Umpamanya, pemecatan buruh -- karena menurunnya produksi --
hampir tidak dikenal. Buruh yang menganggur tetap mendapat
bayaran, dan untuk itu kelompok eksekutif memotong gaji mereka.
Keunggulan Jepang itu memang diakui oleh banyak kalangan di
Amerika sendiri. Prof. Ezra Vogel dari Harvard University, dalam
bukunya Japan as Number One berpendapat, Amerika seharusnya
mempelajari sistem kerja Jepang. Sebagai bekas guru, Amerika tak
akan menemui hal-hal yang terlampau asing, katanya. Amerika
akan menemukan kembali masalah-masalah yang pernah dihadapinya,
tapi dengan sejumlah perbaikan.
Memang penemuan-penemuan Jepang tidak lebih jauh dari
memperbaiki apa yang pernah ditemukan Amerika. "Kami dinamis,
tapi kami bukan penemu," kata Ariyoshi Okumura, seorang peneliti
masalah industri pada Bank Industri Jepang.

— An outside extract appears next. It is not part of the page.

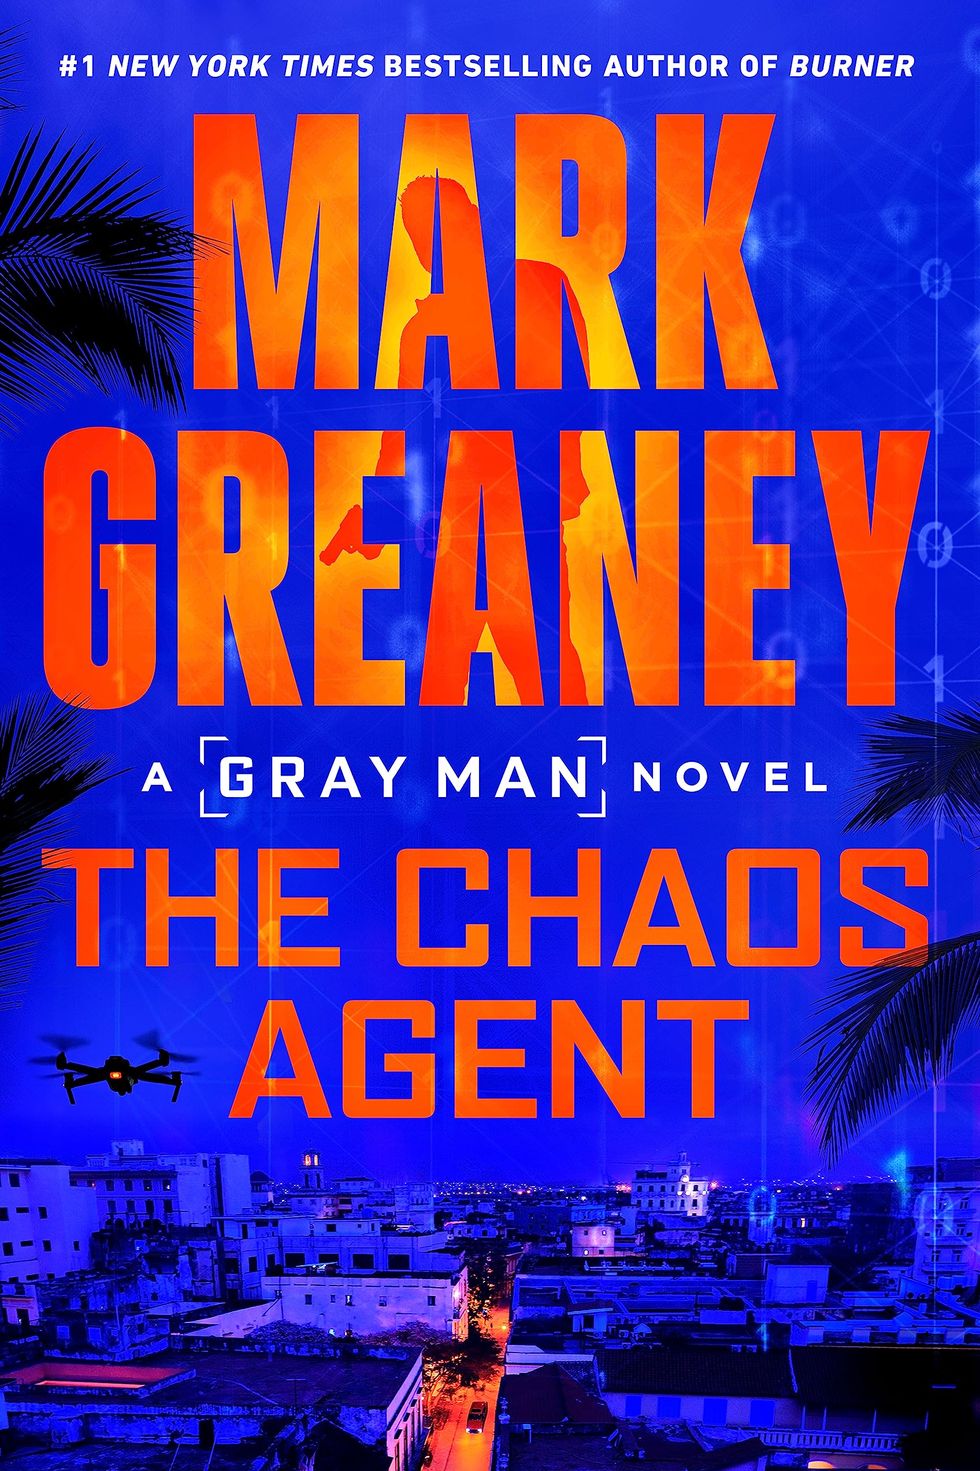 The Chaos Agent (Gray Man Book 13)
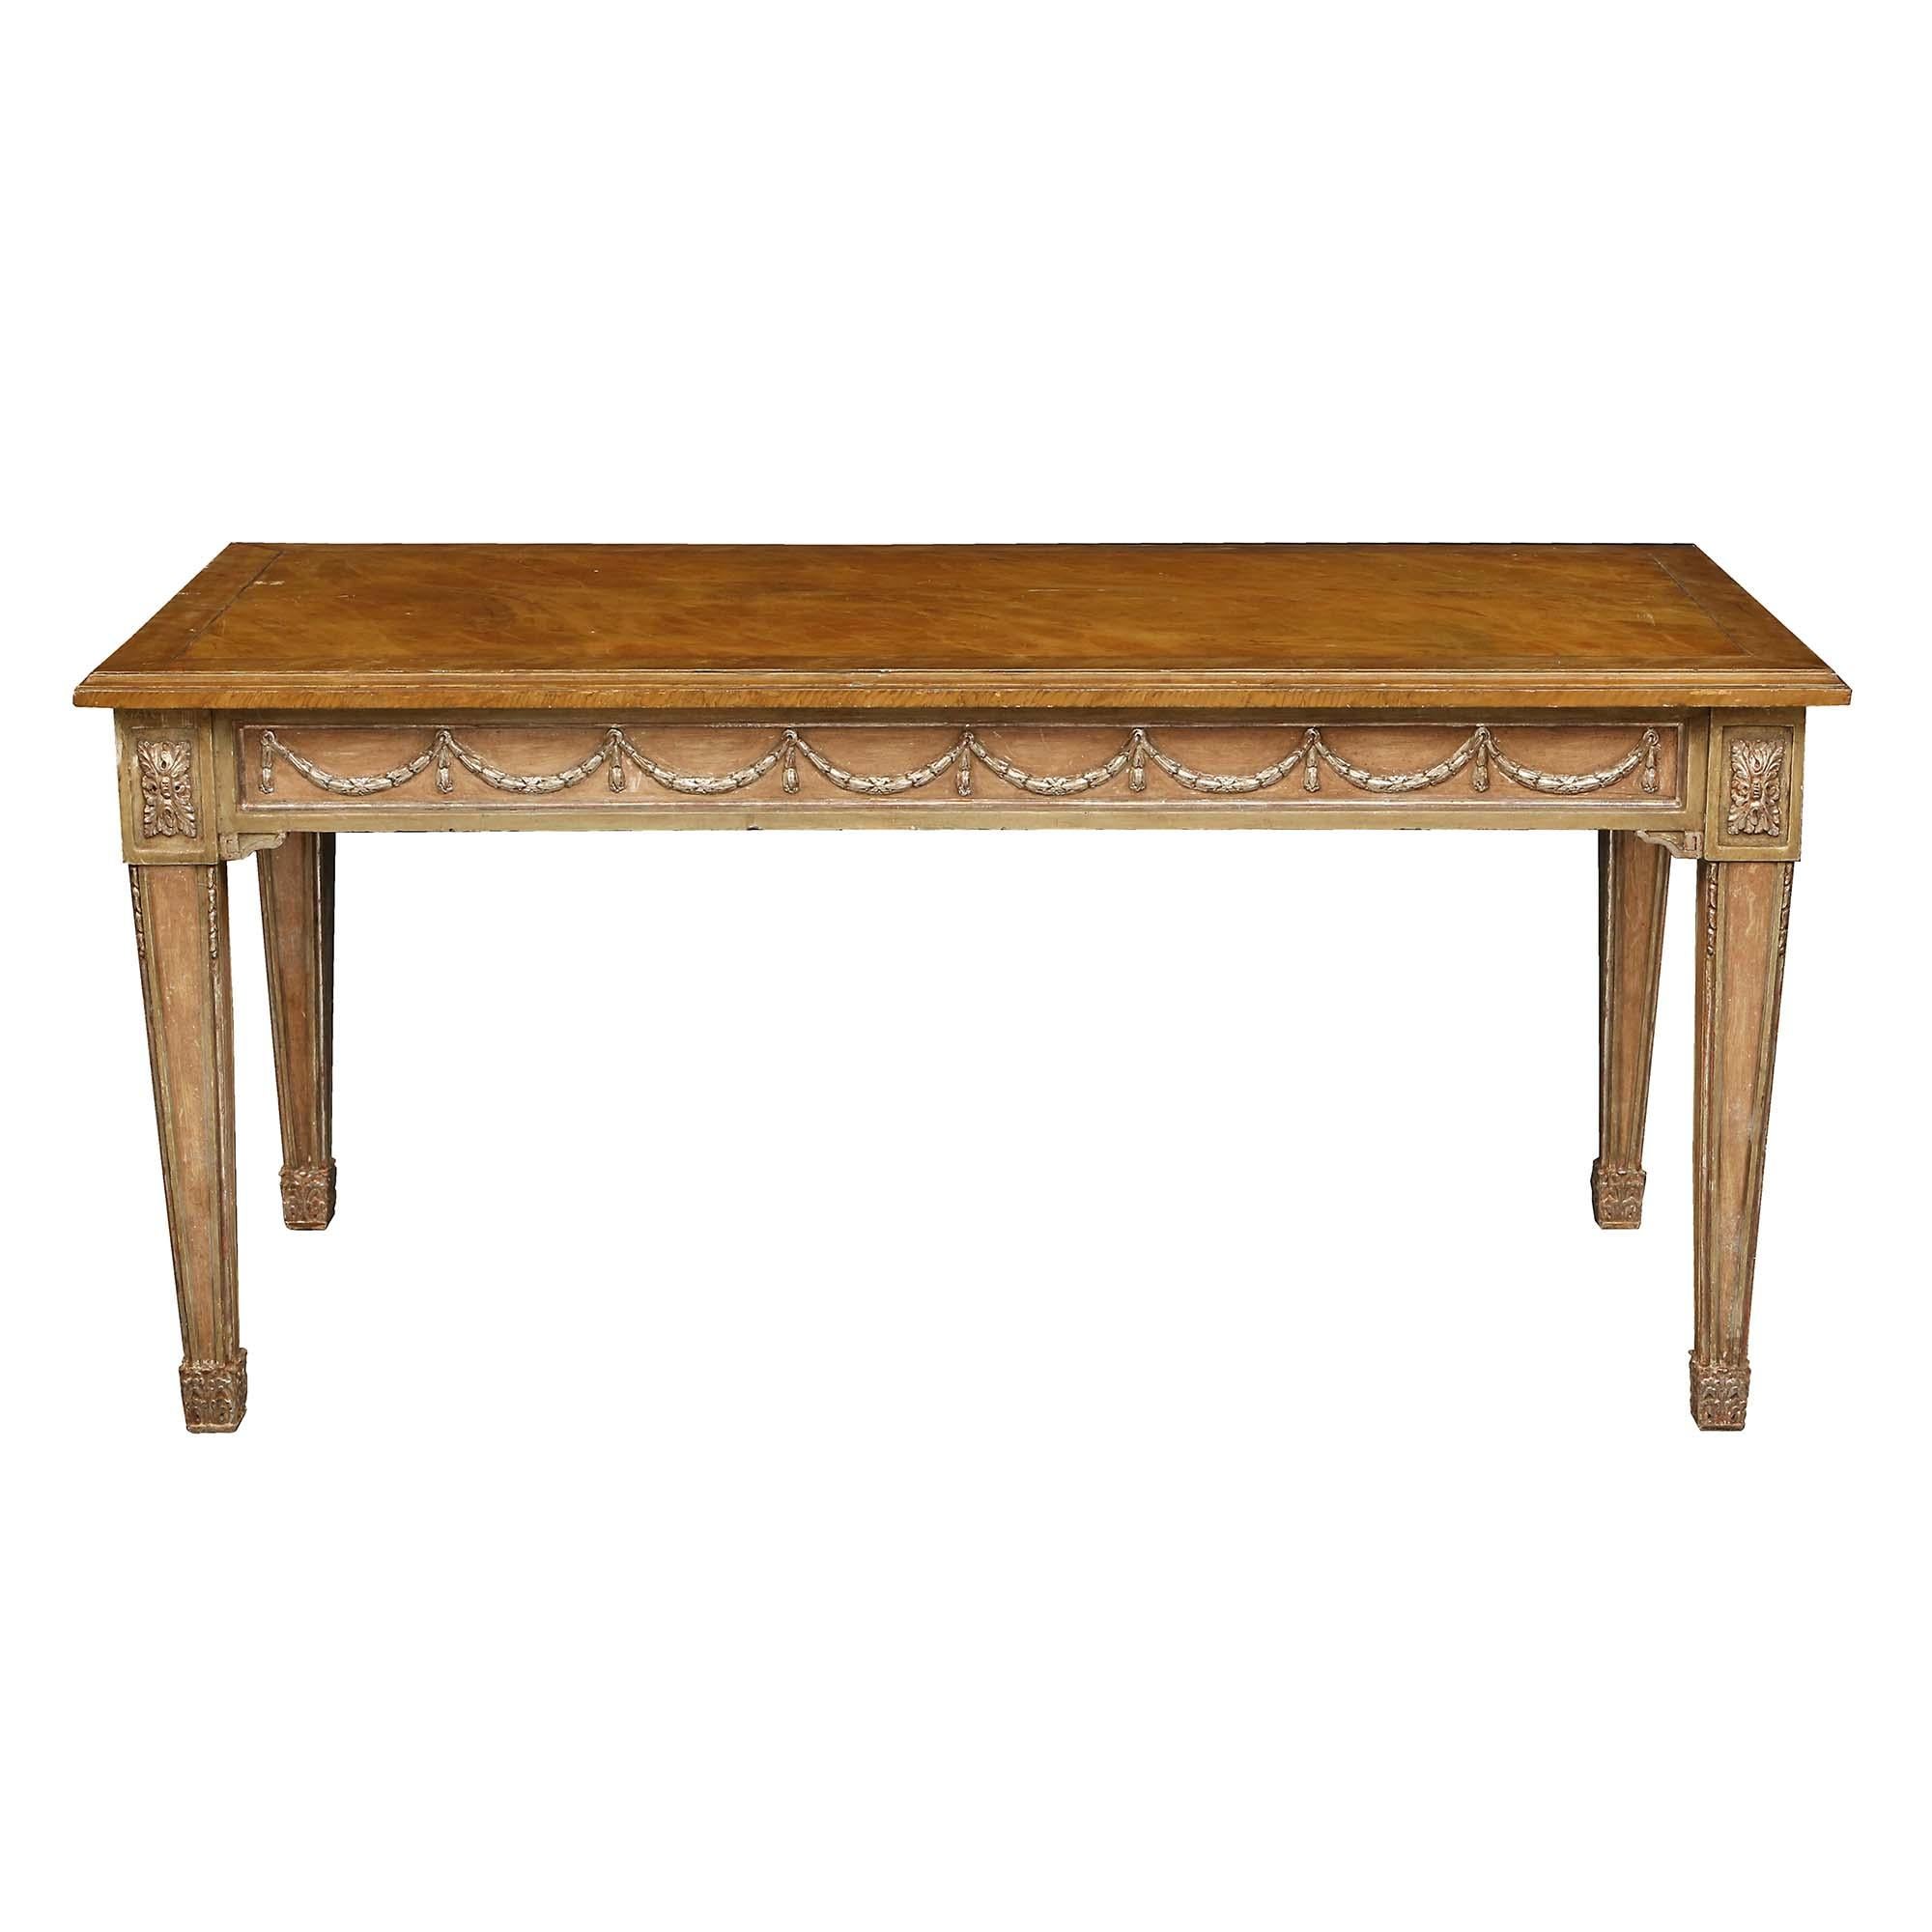 An elegant Italian 19th century Louis XVI st. patinated and Mecca center/dining table. The table is raised by handsome square tapered legs with recessed patinated panels framed in Mecca fillets and richly carved block rosettes. At the straight

Sudah sejak lama Jepang dikenal menjalankan pola imitasi dalam
membangun industri. Mempelajari macam-macam penemuan Barat,
memecah-mecahnya, kemudian memperbaiki bagian-bagiannya. Ada
semacam perfeksionisme dalam cara ini.
Dan di masa kini perfeksi yang tinggi itu semakin menonjol.
Mobil Amerika sering menemui kesulitan memasuki pasaran Jepang
karena tidak perfek. Ketika sebuah Chevrolet Model X -- yang
akan diekspor -- dikirim lebih dulu ke Jepang untuk inspeksi,
mobil contoh itu dikembalikan. Disertai daftar 105 permintaan
perbaikan.
Ditinjau dari keunggulan Jepang, barangkali bisa dikatakan,
'Abad Perfeksi' mulai menggantikan 'Abad Penemuan'. Bisakah
Detroit merebut kembali supremasinya?